Event:''Institutional Betrayal and Institutional Courage”
Venue:Online
Date:11/11/2025
Duration:8:15 - 9:45pm GMT
Extra Info:With Professor Jennifer Joy Freyd

Institutional courage—like its opposite, institutional betrayal—is not merely a matter of policy or governance. It is a matter of psychic structure and relational ethics. From a psychoanalytic perspective, institutions are not inert structures; they are psychic containers, saturated with unconscious processes: identifications, projections, idealisations, and disavowals.

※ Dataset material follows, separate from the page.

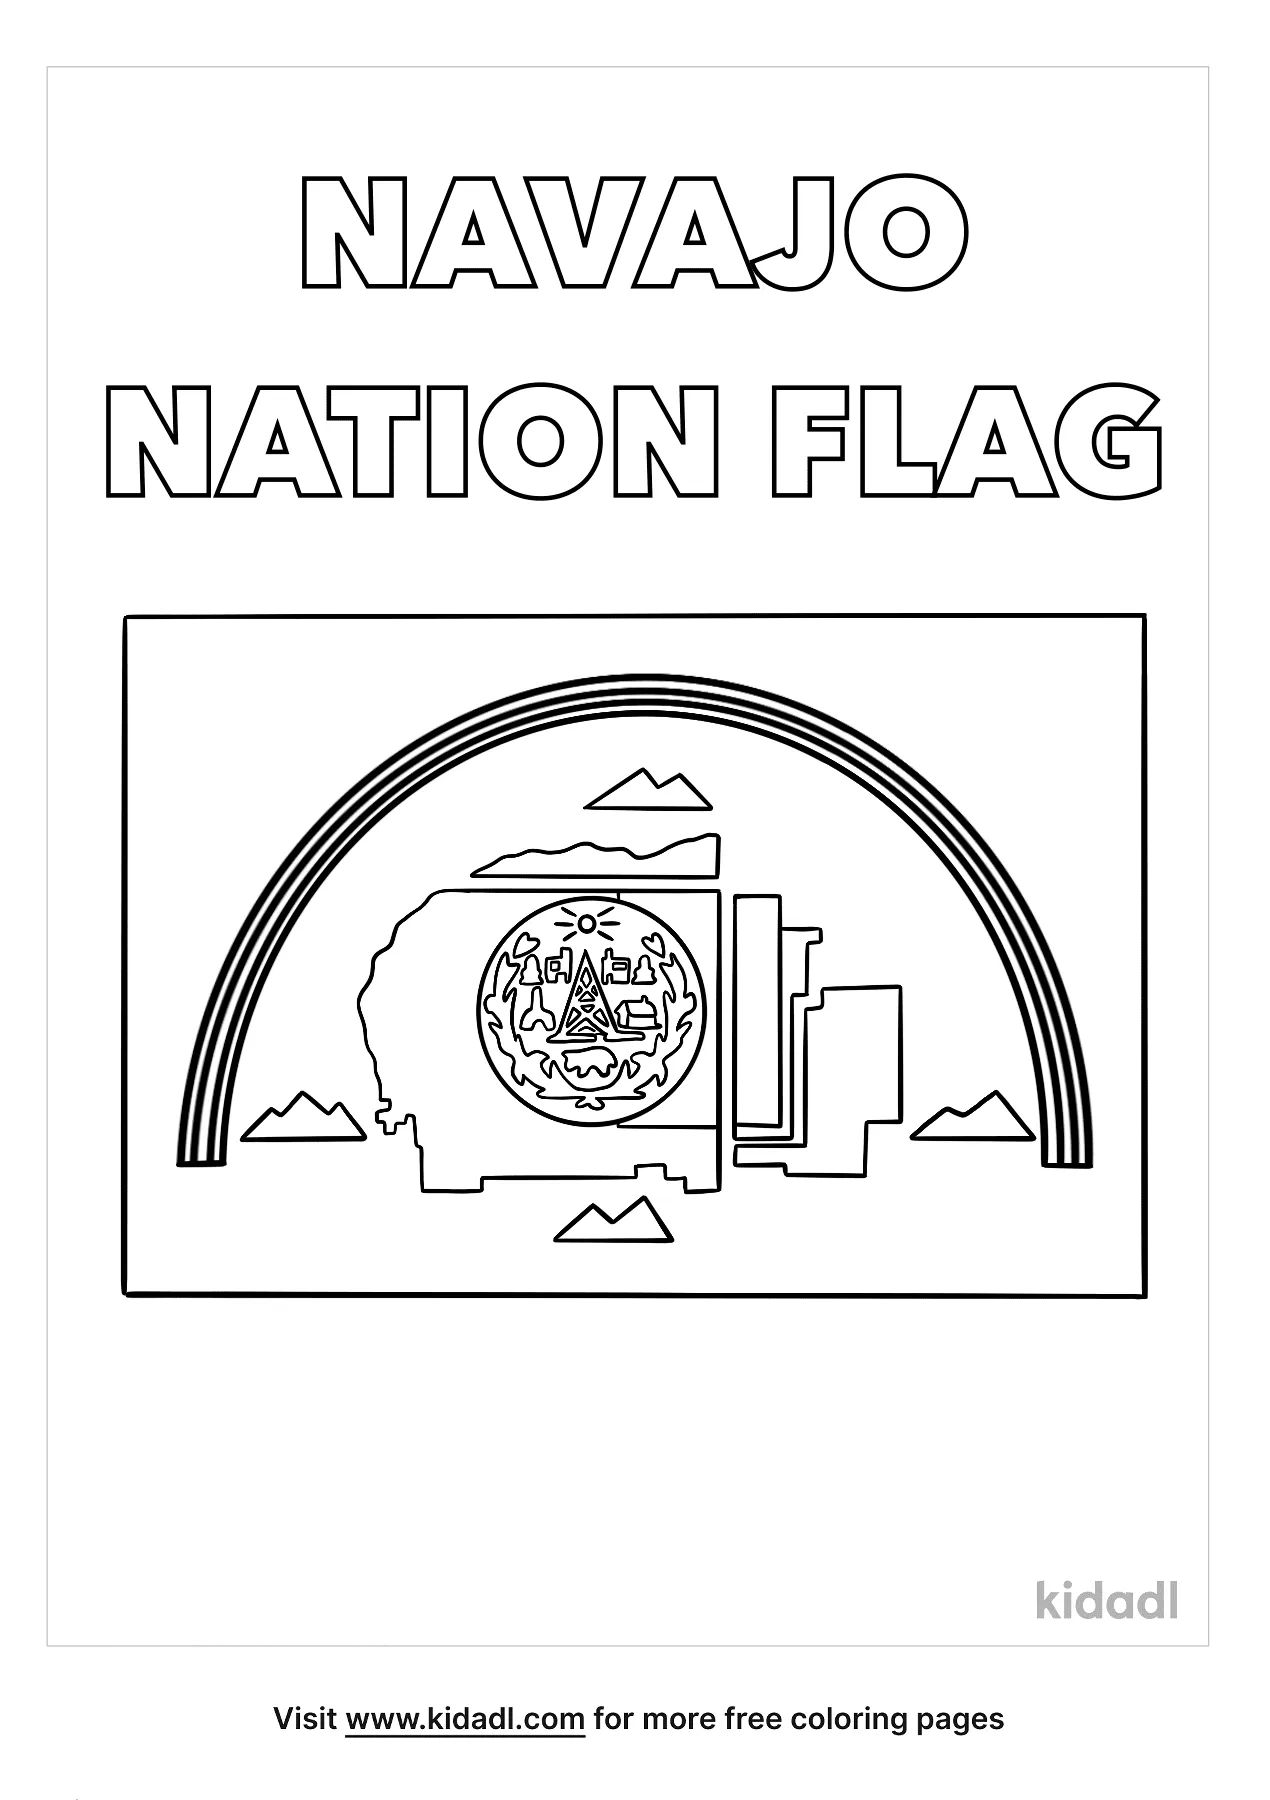 Free navajo nation flag coloring page coloring page printables

Those in positions of leadership carry the greatest symbolic weight they are the superego function of the institution, setting the tone for what is speakable, what is defensively split off, and what can be borne. When leaders enact denial, complicity, or moral foreclosure, they foster a culture of institutional betrayal: a traumatic rupture between what an institution claims to be and what it enacts in reality. This rupture induces cynicism, apathy, and a withdrawal of libidinal investment what Bion might call a collapse of “faith” in the containing function of the group.

Yet psychoanalysis also teaches that transformation does not belong solely to the powerful. Change begins wherever there is truth-telling—where an individual, even without structural power, refuses collusion with denial and instead occupies a depressive position: capable of mourning, complexity, and responsibility. When such individuals link with others, a new symbolic space can open within the institution—what D.W. Winnicott might call a “transitional space” in which play, protest, and potential begin to emerge.

In the face of political disintegration and epistemic overload—where people say, “I don’t know what’s true anymore”—the risk is not only political but psychic: the collapse into learned helplessness and internal splitting. As Anne Applebaum warns, the real threat is apathy. In psychoanalytic terms, this is the movement toward psychic retreat, toward fragmentation and withdrawal from the shared symbolic field.

The antidote is not grandiosity or omnipotence, but engagement: small acts of participation that restore agency and relationality. Joining a group, running for local office, even showing up in a shared space—these are not just political acts but reparative ones. They affirm the possibility of symbolisation in the face of chaos. They are, in Melanie Klein’s sense, acts of reparation—attempts to restore meaning, coherence, and the possibility of shared truth.

In this view, democracy itself can be understood as a system that thrives when its members inhabit a depressive position: where difference is tolerated, conflict is borne, and idealisation gives way to mutual responsibility. Institutional courage, then, is not the absence of fear, but the refusal of psychic foreclosure. It is the work of mourning, thinking, and linking—undertaken not just by leaders, but by anyone willing to stay mentally and ethically present.